The AL has argued that as power under a CG system would be in the hands of unelected people, elections under it would be un-democratic. In making this argument, the AL has ignored the fact that the only free and fair national elections in Bangladesh have been held under the CG system; four in all where each parliament/government has completed its full five years in office. Those held under the system that the AL now wants have been rigged where the party in power has blatantly interfered in ensuring the outcome in its favour. Thus unelected people have favoured and sustained democracy better than have elected people. Further, despite its strong views that government elected through the CG system cannot be democratic; it has been silent about the fact that it was elected under such a system that was made even less acceptable by that CG being under the grip of the extra-constitutional forces, the military. Further, there is nowhere in any manual of democracy that says that only elected people can hold democratic elections. In most democracies, elections are held by independent commissions and institutions who are all unelected individuals where elected governments under which such elections are held have no power over election officials.
Democracy is a dynamic concept that is changing and developing all the time. Democracy in the context of the state in most general terms rests on two fundamental pillars. The first is the rule of law and the second is the right of the people to choose their government by free, fair and transparent election based on universal adult franchise. Within these two pillars, functioning democracies have resolved their concerns about undue interference in elections by the government conducting it by establishing electoral laws and electoral commissions comprising unelected people. They wasted no time or energy worrying whether elected or unelected people conduct elections because they have no fear that any force in the country, be it the ruling party or the government conducting and favouring the ruling party can in anyway interfere with election.

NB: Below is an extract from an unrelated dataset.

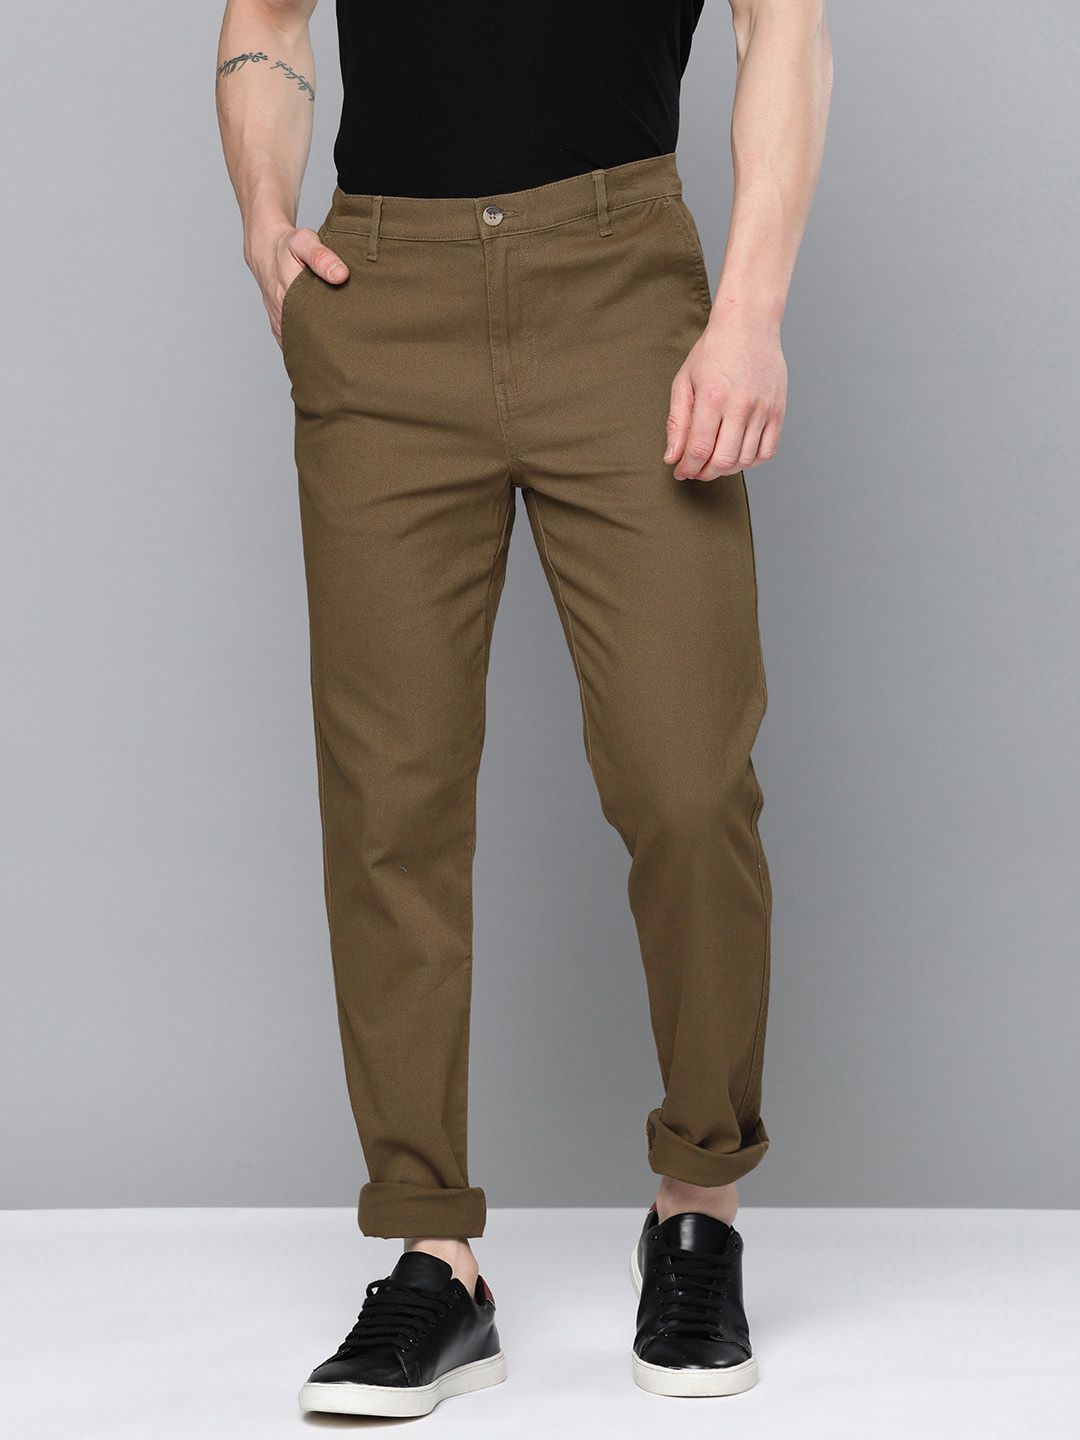 Highlander Trousers  Buy Highlander Trousers Online in India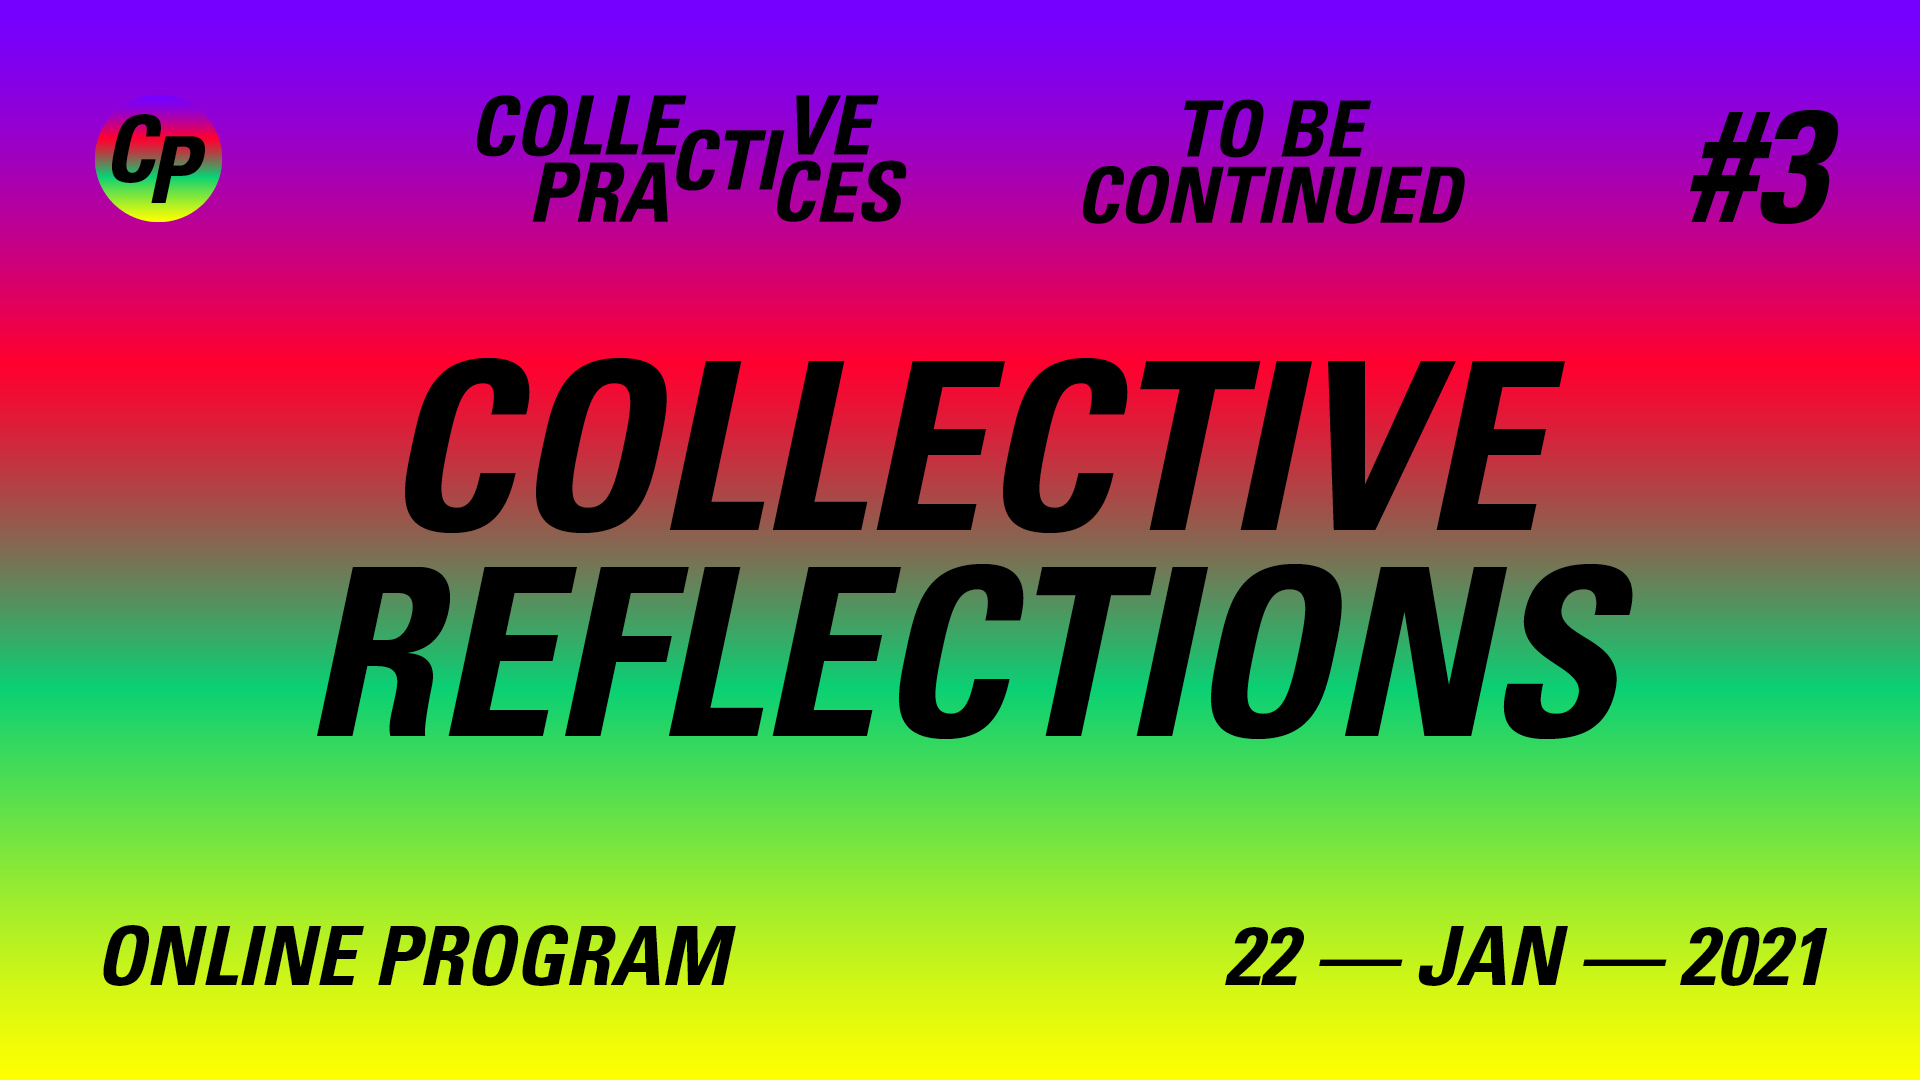 COLLECTIVE REFLECTIONS – Day #3

In Bangladesh unfortunately, elections under party government have historically not been fair or transparent. Ruling parties have blatantly used powers of the government to interfere and turn election results in their favour because of the poor state of the rule of law and the absence of credible election commission. In fact, that was the reason why the AL had demanded the CG system. That situation has worsened today. Countries in similar situation as Bangladesh that fear government influence of the ruling party in national elections have looked at the CG system that Bangladesh developed and then annulled with positive interest. Pakistan just successfully conducted its national election under the CG system and Nepal is getting ready for its national elections under such a system. Believe it or not, the country that gave birth to democracy, Greece, has held national elections on June 17th under the CG system where the Head of the Council of State, the country’s highest administrative court was the head of the caretaker administration!
Thus the BNP is arguing for the same that the AL had argued in 1991-96; a level playing field for free, fair and transparent national election that only the CG system can ensure. Only, the developments in politics and the BNP’s predicament in the last five years have lent a great deal more justification to the demand for the restoration of the CG system than when the AL had demanded for its acceptance in the constitution in 1991-96. Public opinion in the country also favours the CG system for the next national election as the only way to bring the country back on the rails. A poll recently conducted by Prothom Alo has shown that 90% of the people want the next national election to be held under the CG system. The result of this poll has been accepted by everybody except the activists of the ruling party. All electronic polls conducted by newspapers have favoured the CG system by the same margin as has all public opinion polls conducted by the TV stations.
Friends of Bangladesh have avoided getting involved in the controversy over the CG system. They have instead suggested that Bangladesh must have, in the words of the Canadian High Commissioner Heather Cruden, “free, fair, transparent “and “inclusive” national election for political stability and its future. Before her, the US Under-Secretary Wendy Sherman and the British Minister who visited Bangladesh recently had also suggested “inclusive “national election. In other words, they have all been unequivocal that the BNP must participate in the next national election. The Canadian High Commissioner has asked the AL to show the political will to amend the Constitution to hold the “inclusive” national election. Today, the BNP is no less acceptable in public perception than the AL and perhaps more so after winning the city corporation elections that were fought on national issues by big margins. Therefore simple common sense should lead to the simple conclusion that the next national election in Bangladesh will not be free, fair, transparent or legitimate if the BNP boycotted it.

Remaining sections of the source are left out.